Ruben Dias chwali występ Manchesteru City przeciwko "kompletnemu" Interowi
Panujący mistrzowie Premier League zadowolili się punktem na Etihad Stadium, ponieważ giganci Serie A zaprezentowali silną defensywę, która trzymała na dystans rozgrzanego do czerwoności Erlinga Haalanda. W rezultacie City nie było w stanie przedłużyć swojej zwycięskiej passy.
Drużyna Pepa Guardioli oddała zaledwie pięć celnych strzałów i z trudem powstrzymywała Włochów. Niemniej jednak, City przedłużyło swoją passę niepokonanych meczów w rozgrywkach do 24 meczów (16 zwycięstw i osiem remisów), czyli zaledwie o jeden mecz mniej od rekordu ustanowionego przez Manchester United w latach 2007-2009 (25 meczów).
Co ciekawe, dopiero po raz drugi w 42 domowych meczach Ligi Mistrzów pod wodzą hiszpańskiego menadżera, City nie udało się trafić do siatki, a ich drugą porażką w tym względzie był bezbramkowy remis ze Sportingiem w marcu 2022 roku.
Rozmawiając z mediami w strefie mieszanej, Dias opowiedział o występie swojej drużyny przeciwko Nerazzurri Simone Inzaghiego w powtórce finału Ligi Mistrzów z 2023 roku, w którym Anglicy triumfowali 1:0 dzięki trafieniu Rodriego w drugiej połowie.
"Ostatecznie to jeden zdobyty punkt, tak na to patrzymy. Wszyscy chcieliśmy zdobyć trzy, ale myślę, że zespół spisał się dobrze" - powiedział Portugalczyk. "Myślę, że byliśmy na bardzo dobrym poziomie, zwłaszcza w drugiej połowie, mieliśmy szanse, aby to zakończyć, ale tego nie zrobiliśmy".
"Nie graliśmy z byle jaką drużyną. Podobnie jak w finale w Stambule, wciąż są bardzo silną drużyną i mają wiele jakości na wielu różnych pozycjach na boisku".

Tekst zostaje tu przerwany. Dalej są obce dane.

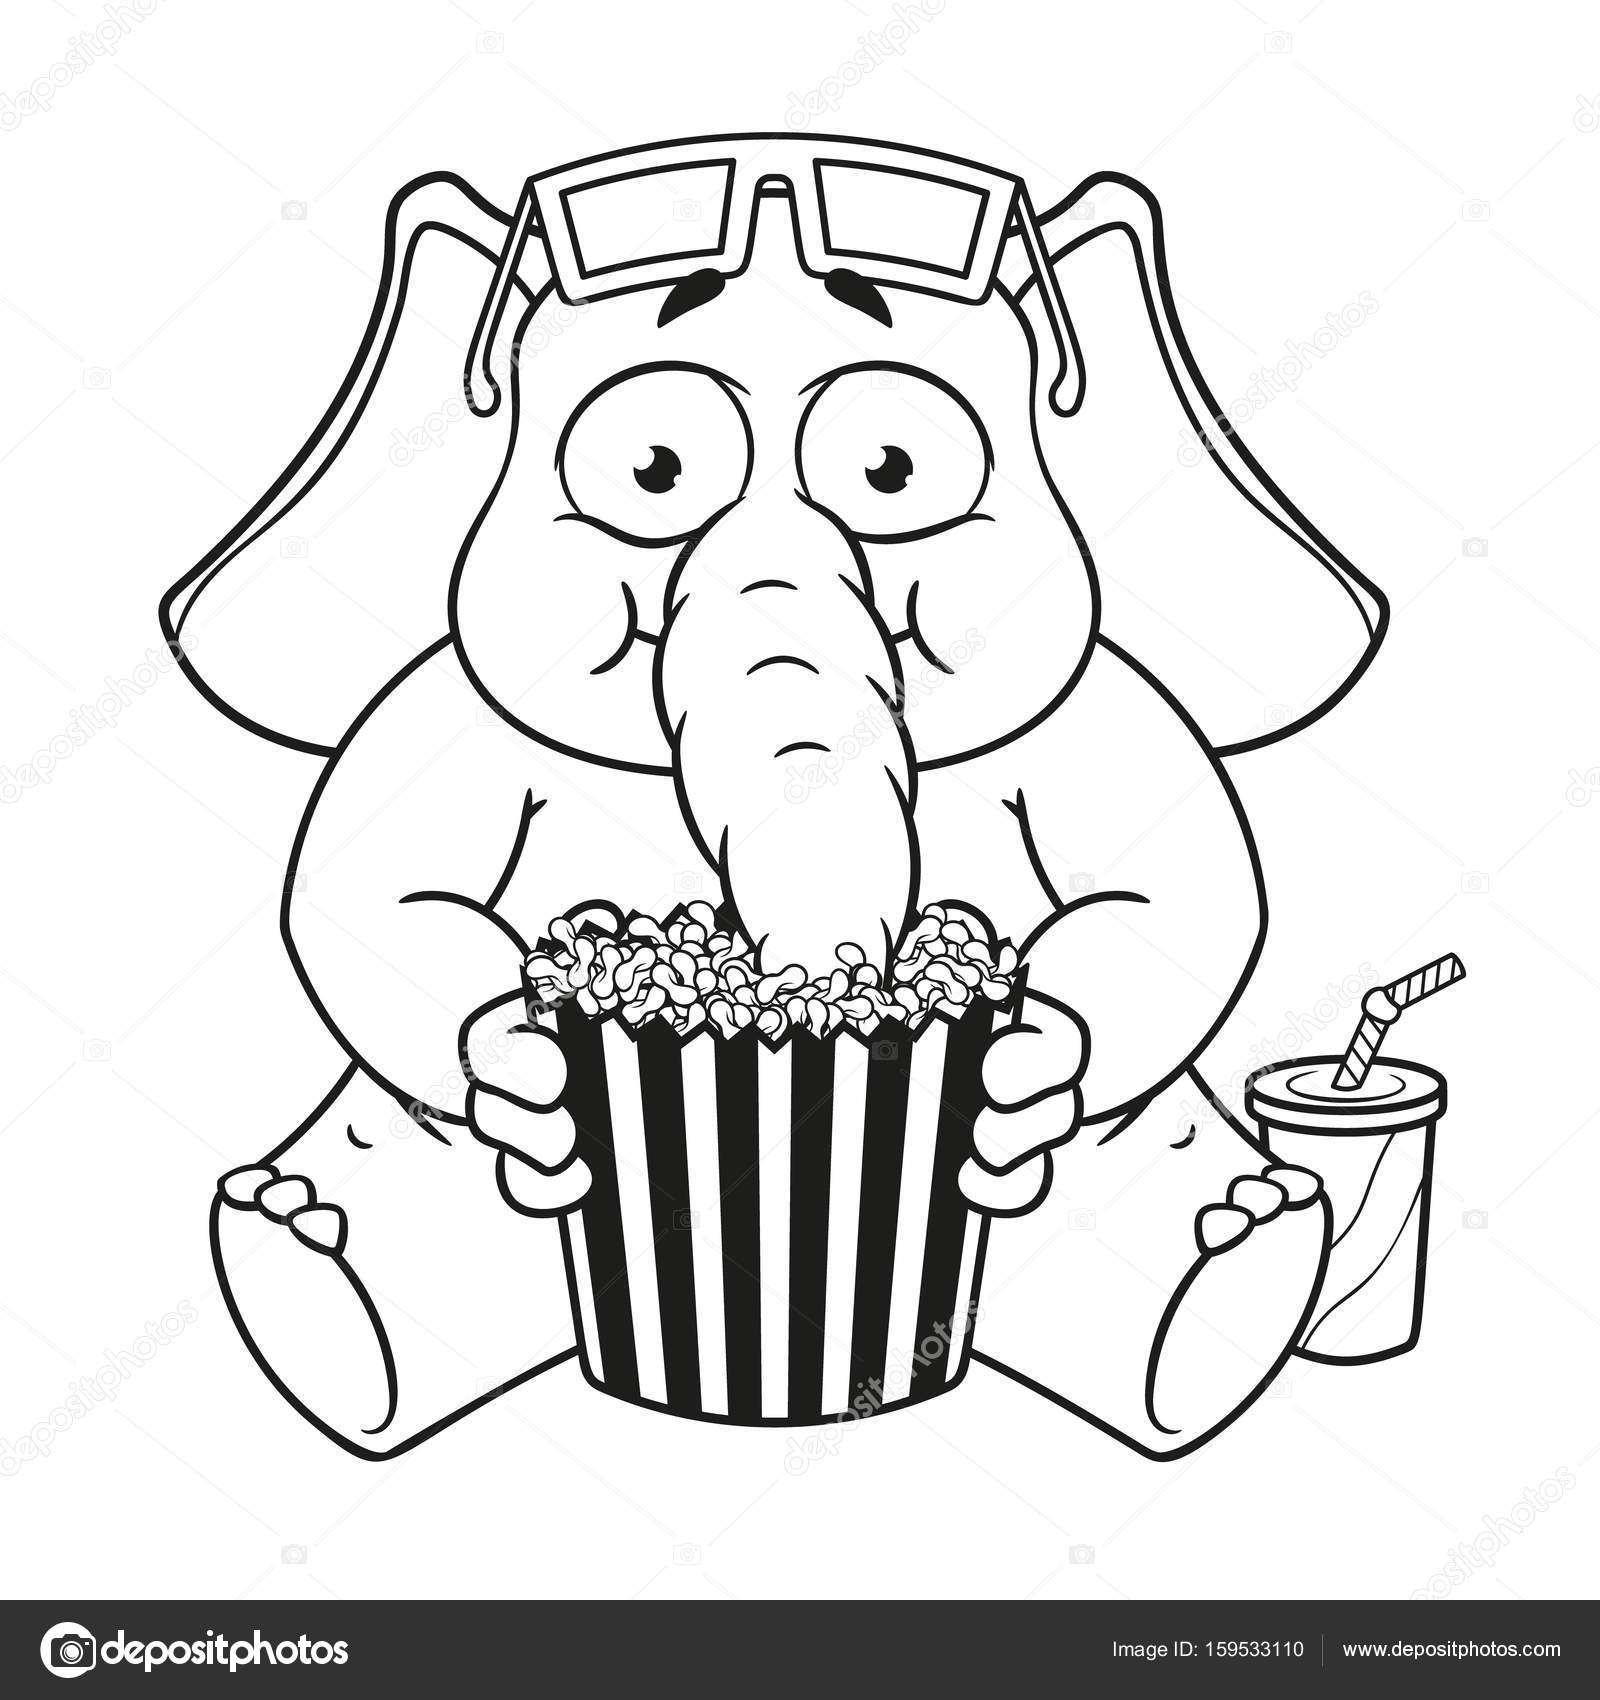 1600x1700 Big Collection Vector Cartoon Characters Of Elephants On

Inter Mediolan zanotował 10 strzałów w pierwszej połowie tego meczu, stając się pierwszą stroną przeciwną, która oddała co najmniej 10 strzałów w pierwszej połowie meczu Ligi Mistrzów na Etihad od czasu Monaco w lutym 2017 roku.
Mając to na uwadze, Dias, który został upomniany żółtą kartką w 33. minucie przez sędziego Glenna Nyberga, zauważył, że jego drużyna miała pecha, że nie zapewniła sobie zwycięstwa. Przyznał, że konfrontacja z taką drużyną jak Inter wydobywa z jego zawodników to, co najlepsze, choć wierzy również, że jest miejsce na poprawę.
Dodał: "Jest początek sezonu i robimy postępy w jakości, grze i mentalności, to mecz Ligi Mistrzów i podejdziemy do niego po kolei, jak do każdego innego i oczywiście byliśmy bardzo zadowoleni z naszego występu".
"Może nie wygraliśmy, ale byliśmy solidni zarówno w ataku, jak i w obronie. I to była bardzo niewielka różnica między wygraną. Mamy wiele do poprawy i czekamy na to, co nadejdzie".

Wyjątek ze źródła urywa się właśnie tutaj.